Then, for any vector $w = \begin{bmatrix}x\\y\end{bmatrix} \in \mathbb{R}^{2m}$ (where $x,y \in \mathbb{R}^m$) we have

$w^TCw$ $= \begin{bmatrix}x^T & y^T\end{bmatrix}\begin{bmatrix}A+\alpha I & -A-\alpha I \\ -A-\alpha I & A+\alpha I\end{bmatrix}\begin{bmatrix}x\\y\end{bmatrix}$

$= x^T(A+\alpha I)x - x^T(A+\alpha I)y - y^T(A+\alpha I)x + y^T(A+\alpha I)y$

$= x^T(A+\alpha I)(x-y) - y^T(A+\alpha I)(x-y)$ $= (x-y)^T(A+\alpha I)(x-y) \ge 0$,

where we have used the fact that $A+\alpha I$ is positive semidefinite.

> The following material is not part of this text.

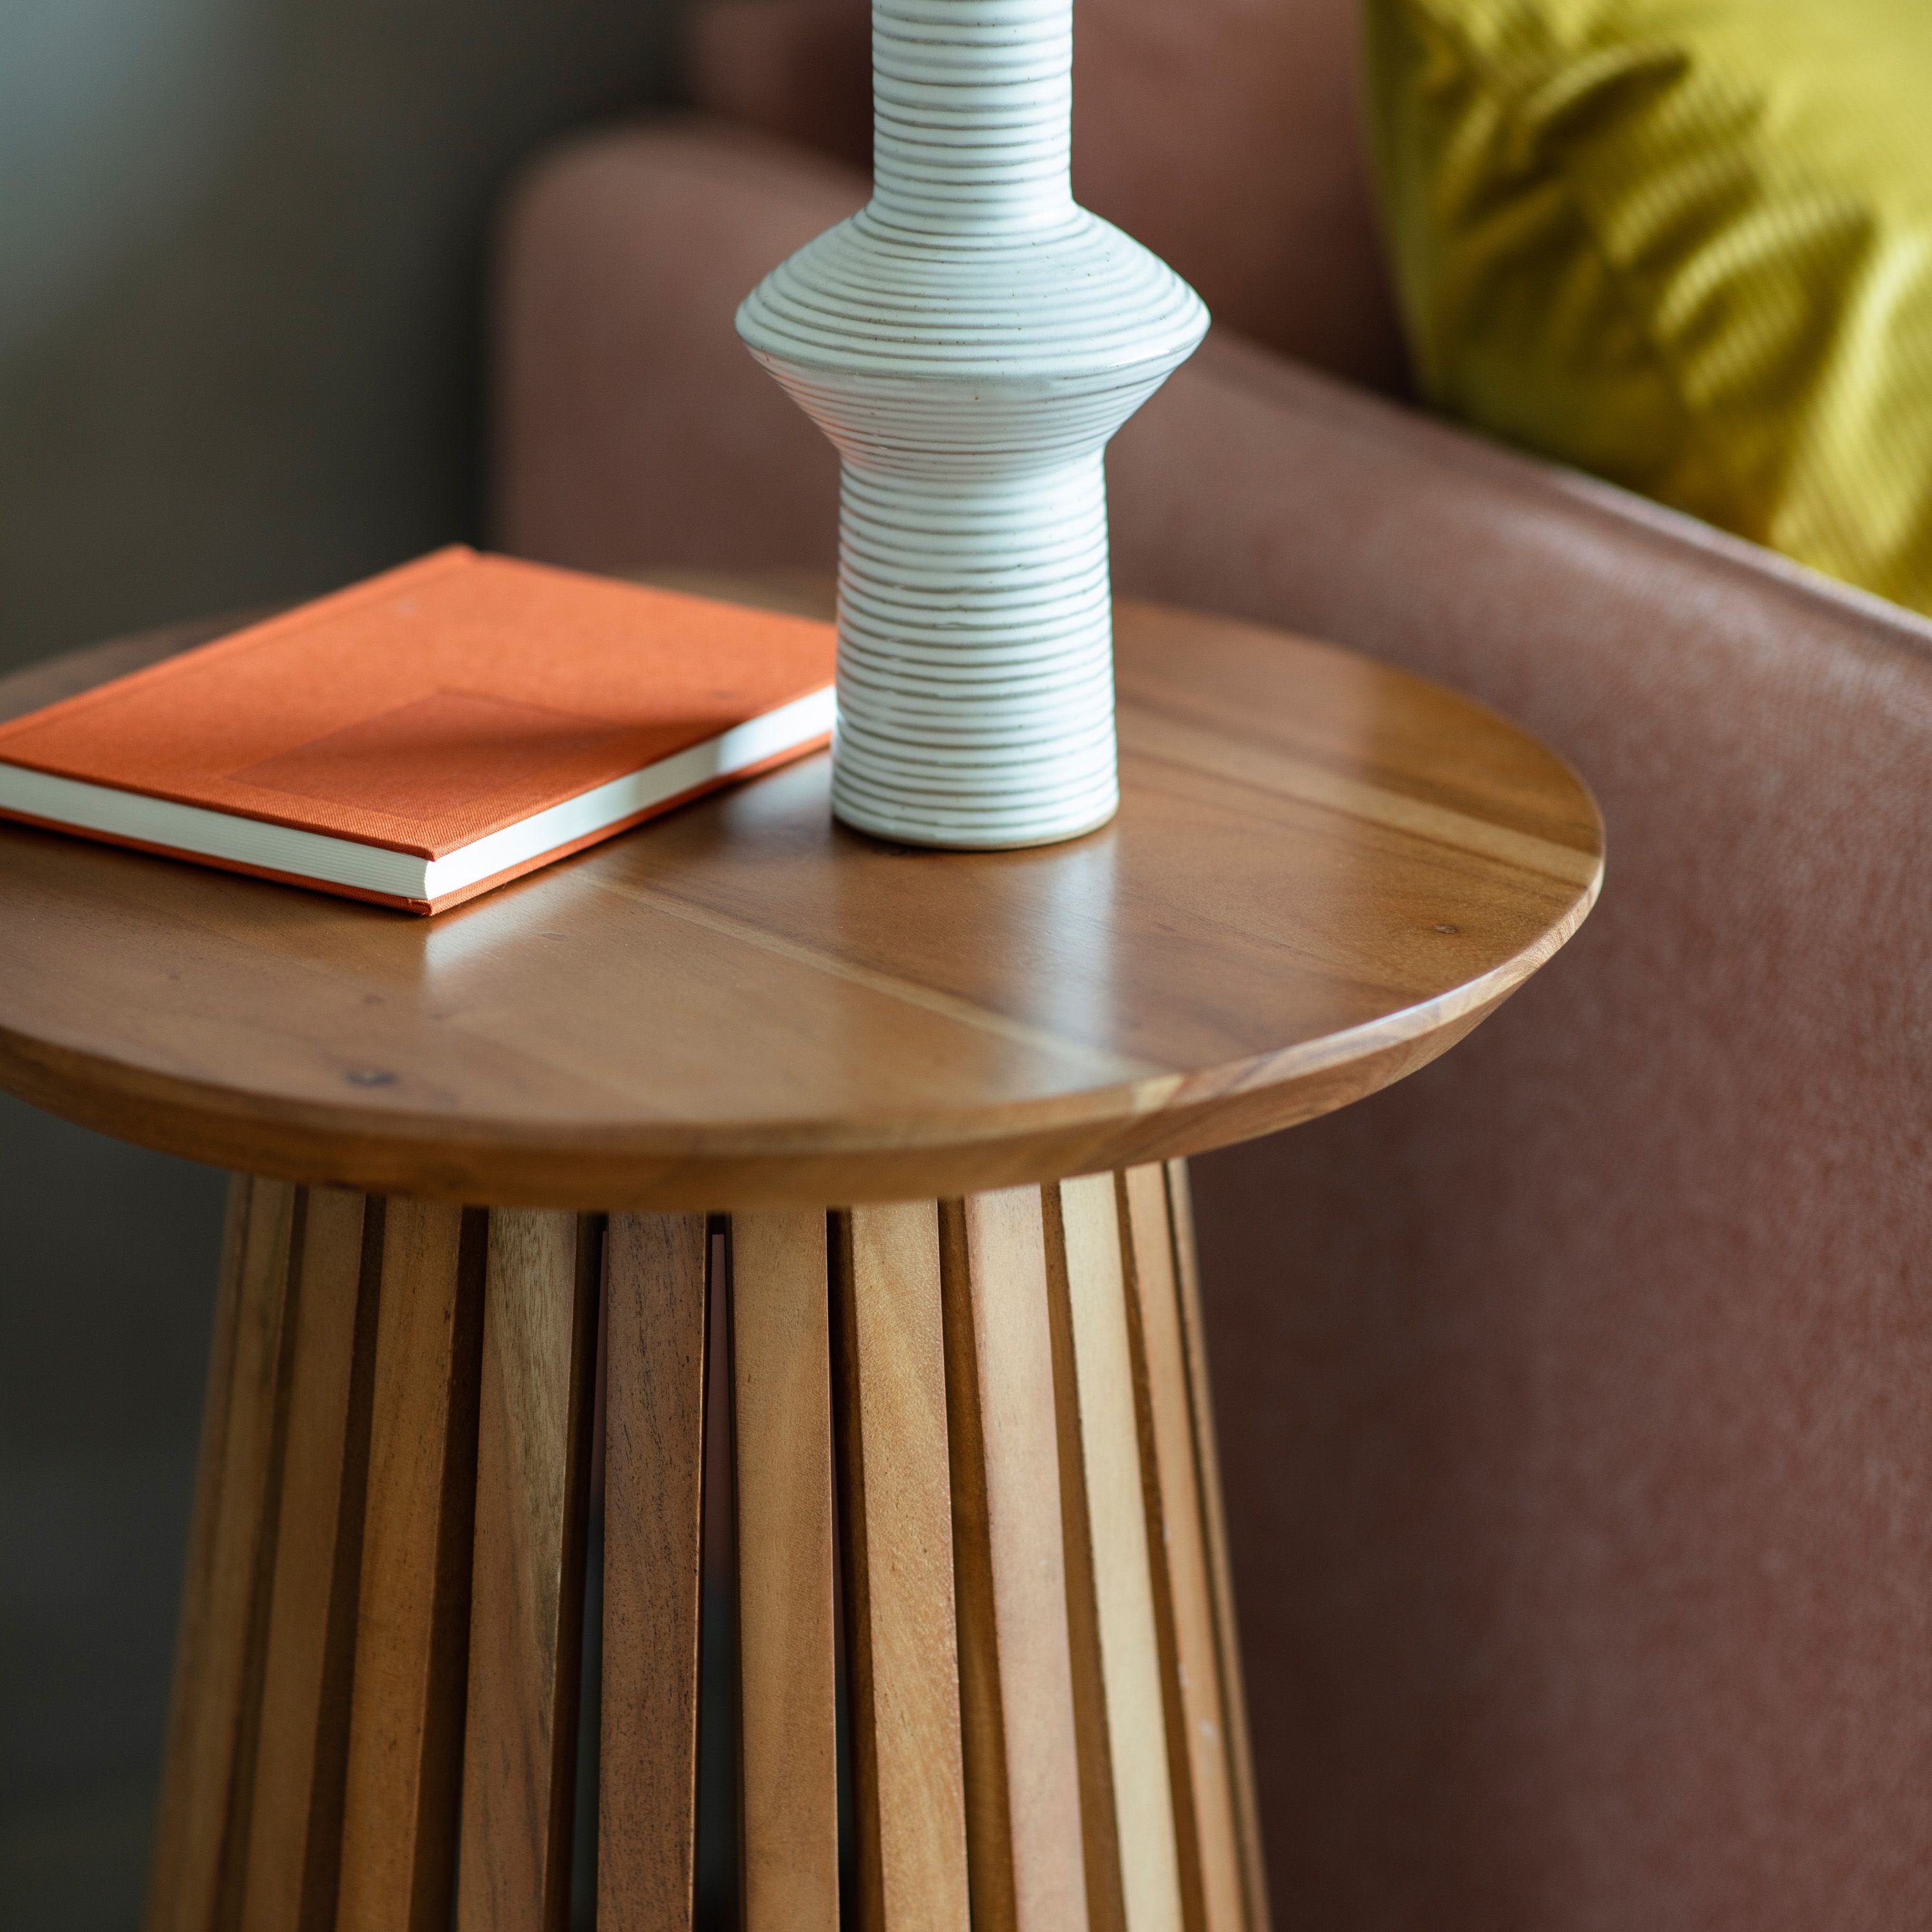 Aiken Side Table - Cool and Unique Side Tables

Since $w^TCw \ge 0$ for all $w \in \mathbb{R}^{2m}$ and $C$ is symmetric, we have that $C$ is positive semidefinite.


Note that for any $x \in \mathbb{R}^m$, the vector $w = \begin{bmatrix}x\\x\end{bmatrix} \in \mathbb{R}^{2m}$ satisfies $w^TCw = 0$.

Thus, $m$ eigenvalues of $C$ are zero. So, $C$ is not positive definite.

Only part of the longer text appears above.